Слезы закапали на цемент, оставляя разводы, совсем как на том месте, где лежала Сара. Время было на исходе, может, оно и к лучшему, что все случится скоро. Сколько у нее осталось — минуты, часы? Она никогда бы не подумала, что будет молить бога, в которого не верит. Но она не желала больше страдать.
72
Пятница, 2 ноября 2018
Сестеро толкнула дверь бара. Ей срочно требовался кофеин.
— Это же наша звезда из полиции, — поприветствовал ее бармен. Обычная реакция с тех пор, как в блоге «Радио Герника» опубликовали фотографию, на которой они вместе с Хулией сидели возле часовни Санта-Каталина.
— Двойной, пожалуйста.
— Есть новости о пропавших женщинах? — спросил он громко, перекрикивая кофемашину.
Сестеро взглянула на экран телевизора. Она тут же узнала Дом собраний Герники и его дуб, символ баскского народа. Репортер с микрофоном в руках опрашивал местных жителей. Звук был выключен, но и без того было ясно, что их слова порождают общественное возмущение.
— Теперь они принялись за дело всерьез, — заметил единственный посетитель, бросив в их сторону взгляд от игрового автомата. — После того как похитили одного из них.
— Это неправда. Мы из кожи вон лезли с самого первого дня, — сказала Сестеро. Она устала от одних и тех же упреков.
— А что еще она может сказать? — насмешливо ответил мужчина, обращаясь к бармену.
Сестеро прикусила язык. Ее бесили представители такого типажа. Она хорошо его знала: мужчины, которые терпеть не могли, когда женщины оказывались на одном с ними уровне. Он бы точно так себя не вел, если бы за кофе сюда зашел полицейский-мужчина.
Гуща на дне стакана царапала горло. По телевизору продолжался прямой репортаж из Герники.
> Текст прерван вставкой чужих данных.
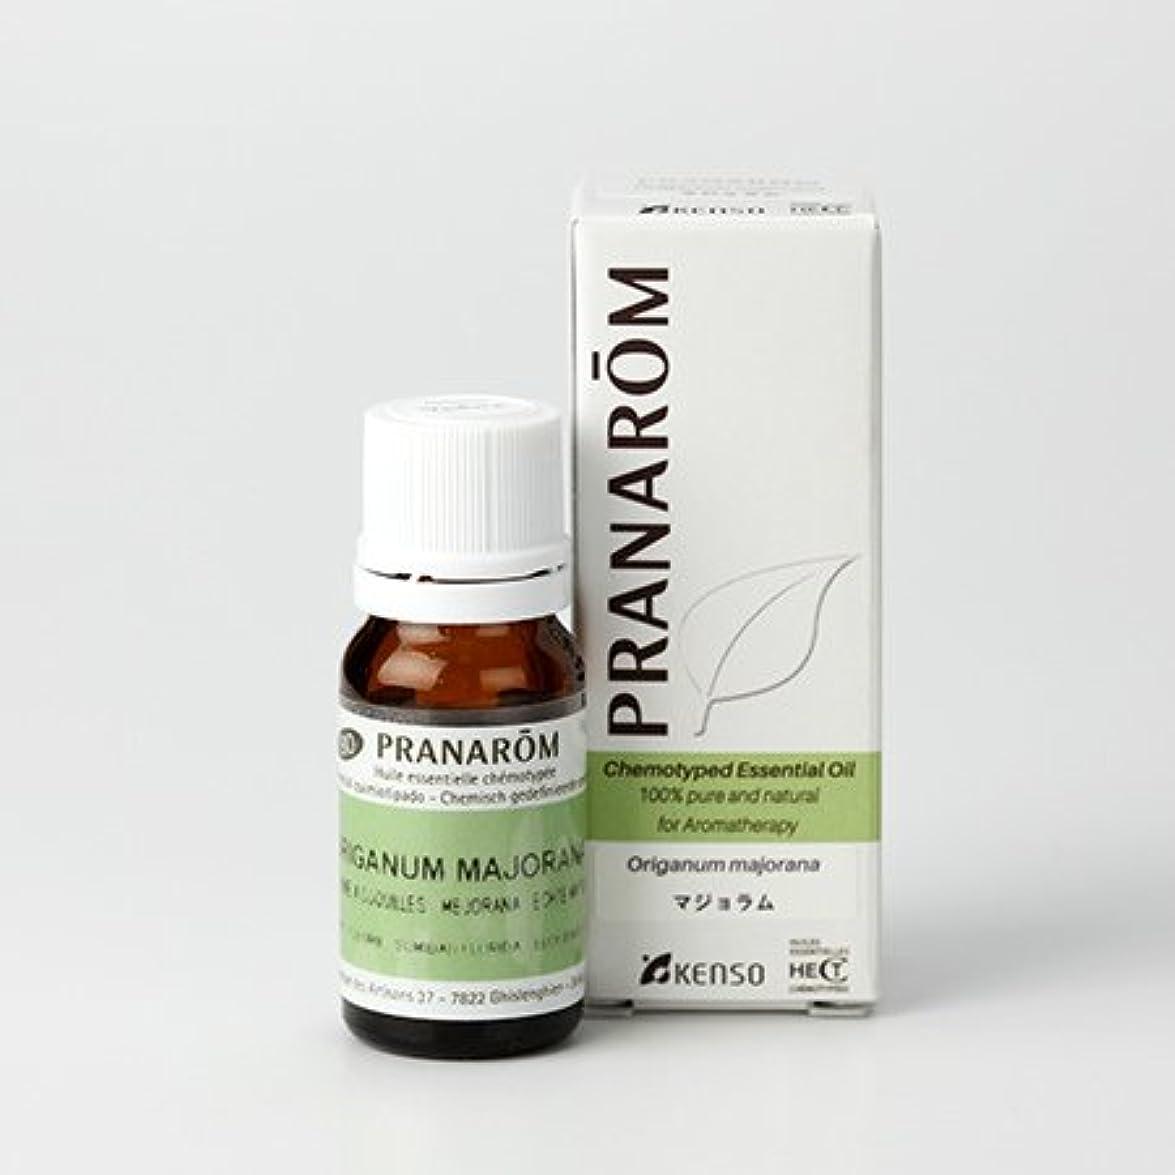 免除つまらないライトニングプラナロム マジョラム 10ml (PRANAROM ケモタイプ精油)

Работать под таким давлением было тяжело, но что поделать. Общественная тревога была совершенно оправданной.
— Он убил их или их найдут живыми? — спросил бармен, протирая чашки тряпкой. Давление нарастало. Хорошо хоть, этого парня с купонами не было на месте. Не хватало только его сплетен.
— Ты слышал что-нибудь о Рауле? — спросила Сестеро вместо ответа.
Официант покачал головой, вытер руки полотенцем и аккуратно повесил его.
— Постой-ка. Вчера я слышал, что он просил у Маноло лодку. Он ведь сегодня выходной?
— Да.
— Это все, что я знаю. Наверное, отправился нырять.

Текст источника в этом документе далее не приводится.